The headline specification is undoubtedly the enabling of the 16th and final SM (Streaming Multiprocessor, or ‘stream processor cluster’ in neutral terminology) of the GF100 Fermi design.
However, the new GF110 design still uses the 32 stream processors per SM layout of the original GF100 rather than the 48 per SM of the GeForce GTX 460 GPU.
Even Nvidia sees the 32 layout as a less efficient design, but we suspect that it’s not possible to get four GPCs (Graphics Processing Clusters) with four SMs each onto a die small enough to actually make if each SM contained 48 stream processors rather than 32. In the end, brute force wins out.
Perhaps this layout will change with TSMC’s 28nm process, but that’s not due until halfway through 2011, with GPUs based on this process (from ATI and Nvidia) pencilled in for the autumn of that year.

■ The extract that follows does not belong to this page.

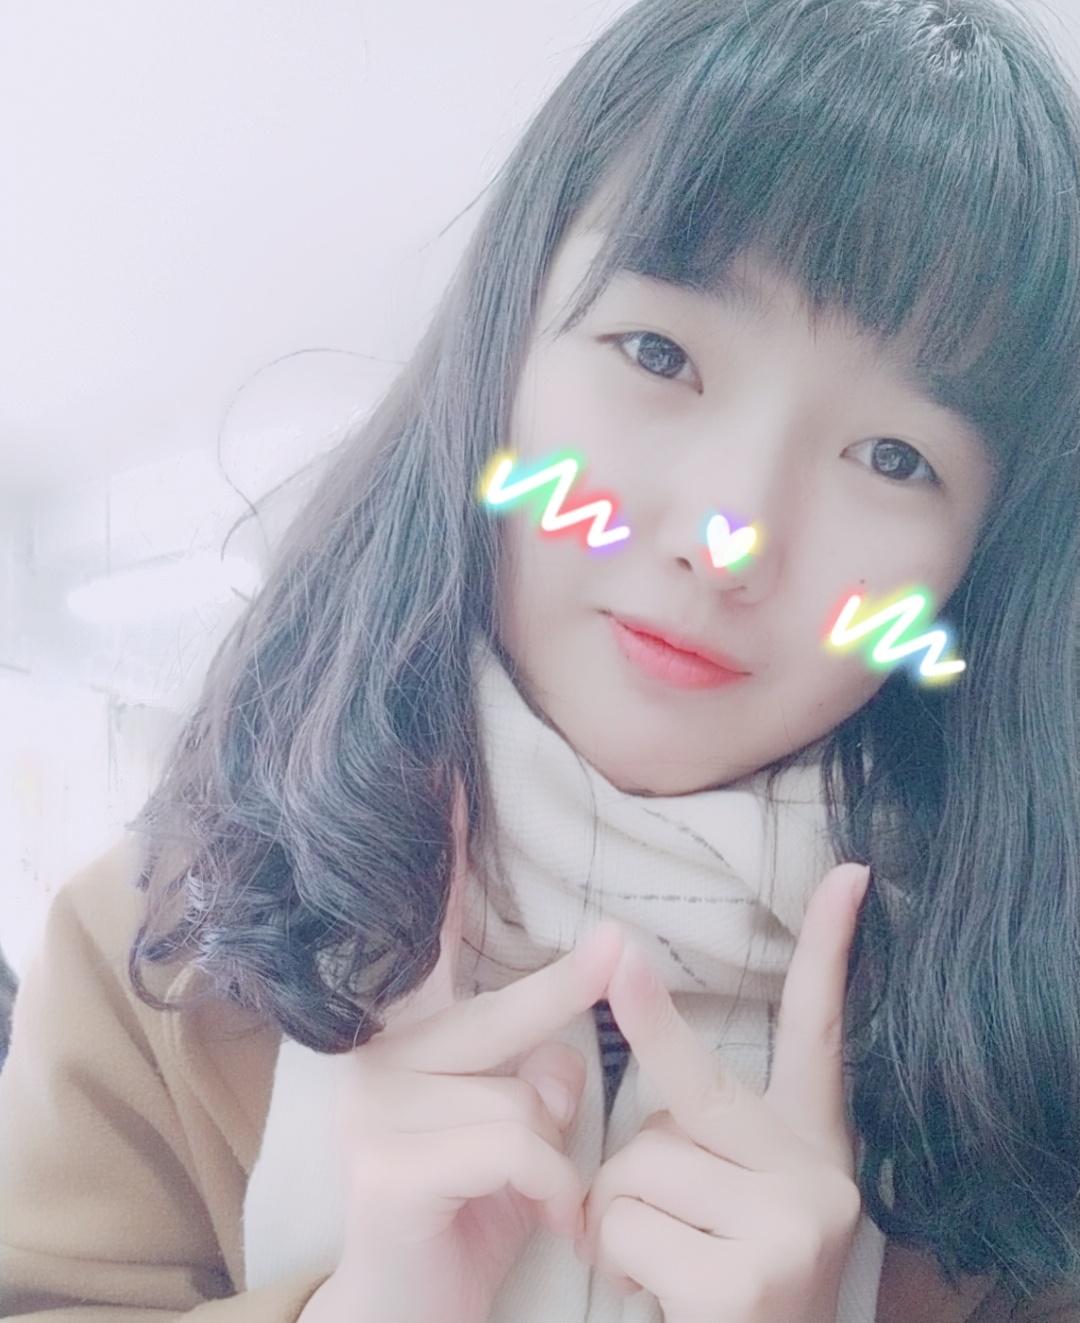 IMG_20171111_224850.JPG

As well as the extra resources, and the increased high-precision fp16 capabilities (which Nvidia claims is worth a 4-12 per cent performance increase), the GeForce GTX 580 1.5GB operates at higher frequencies than the GeForce GTX 480 1.5GB. While the GPU core of the latter runs at 700MHz (meaning that its 480 stream processors operate at 1.4GHz) the GPU core of the GeForce GTX 580 1.5GB runs at 772MHz, with its 512 stream processors clocked at 1.544GHz.
The 1.5GB of GDDR5 memory also runs faster, with an effective frequency of 4.08GHz rather than 3.7GHz. While this gives the GTX 580 1.5GB more memory bandwidth, the rest of the GPU is the same, with the same 384-bit memory interface and 48 ROPs. The reason for the rise in texture units (from 60 to 64) is because each SM of the GF100 design contains four texture units - unlocking the 16th SM unlocked four more textures.